15

Threading Needles

The answer was decided for me. I found work as a laundry assistant at the Oamaru Public Hospital, where I spent each day enclosed in the mangle room, drawing out the hot wet sheets as they appeared between the rollers, folding them and passing them to another assistant. Our faces in the steamy heat were flushed and sweating, and the conversation above the roar of the machinery was usually a shouted question and answer (‘Are you going to the Scottish this Saturday?’ ‘Are you coming to Mary’s shower?’) enlarged upon during the tea breaks, when the desirability of the ‘Scottish’ (a hall used for weekly dances) was debated, and Mary’s or Vivian’s or Noeline’s engagement ‘shower’ prepared for. I had no answers to the simplest questions: where had I been working before I came to the laundry? Was I ‘going out’ with anyone? Why didn’t I get my hair straightened? I could discuss the radio serial My Husband’s Love, which we listened to at ten o’clock each morning. I knew one or two racehorses, including Plunder Bar. I knew songs – ‘Give Me Five Minutes More’,

Only five minutes more,

Let me stay

Let me stay in your arms.

All the week I’ve dreamed about our Saturday date …

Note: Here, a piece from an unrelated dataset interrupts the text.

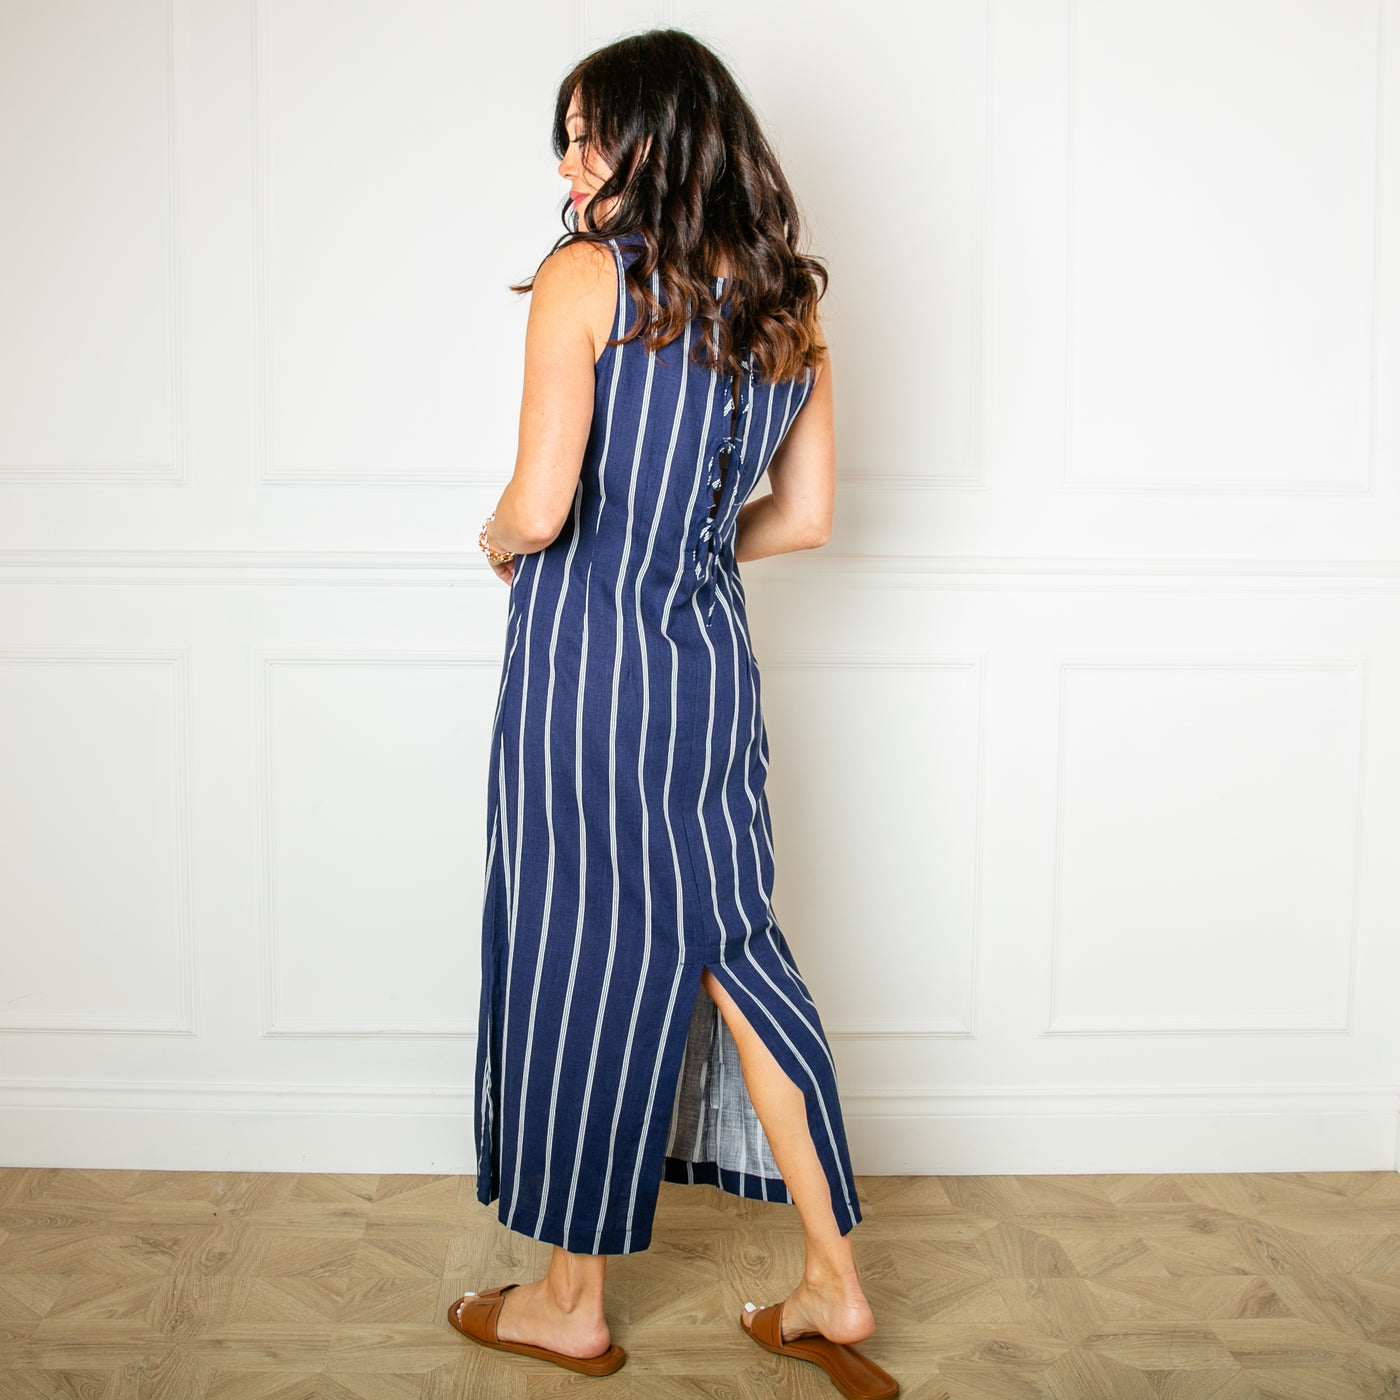 The navy blue Linen Tie Back Maxi Dress featuring gorgeous tie up bow detailing on the back

an outworn song even then, but I knew it. And I knew the names of Otago and Southland rugby favourites – the Trevathans, and the commentator Whang McKenzie. I felt out of place, however. (Siggy, Siggy, what will I do?)

Then one night, in the middle of the night, Mother had a heart attack. Waking, hearing the commotion, I was reminded of the night when Bruddie first became ill and we all woke and stood white-faced, shivering.

Now Bruddie came to my door where I stood in alarm. He spoke in the new tone used now by Dad and Bruddie when they spoke to me, as if I had to be ‘managed’ in some way, for fear I should break or respond in an unusual way which they could not deal with.

‘It’s all right. There’s nothing to worry about. Mum has had a heart attack. The doctor has given her morphine and they’re taking her to the hospital.’

I looked out to see Mother, seeming asleep, her face white as china, her long grey-white hair spread anyhow on the white pillow, being carried out on a stretcher. She opened her eyes and started to apologise for having fallen ill; then she closed them again. Dad and Bruddie went with her to the hospital, and I went back to bed. There was a dent at the foot of the bed where Siggy had been, and had leapt with fright out of the window. I looked out of the window into the tree-filled night. I heard the three o’clock morepork calling. And already the night was fading around the edges. I knew it was a night of the kind of violent change that always happens, and had appeared as a milestone in the landscape of our family.

In the morning, as it had been years ago on the first morning after Bruddie’s illness began, I woke remembering the complex fearful change in our lives. I longed for everything to be as it had been, with Mother quiet, self-effacing, providing; but it was not so; Mother had spoken at last, in pain. What if she died? No, they had said, with plenty of rest she would recover, although in future she would need to rest more, care more for herself, be cared for.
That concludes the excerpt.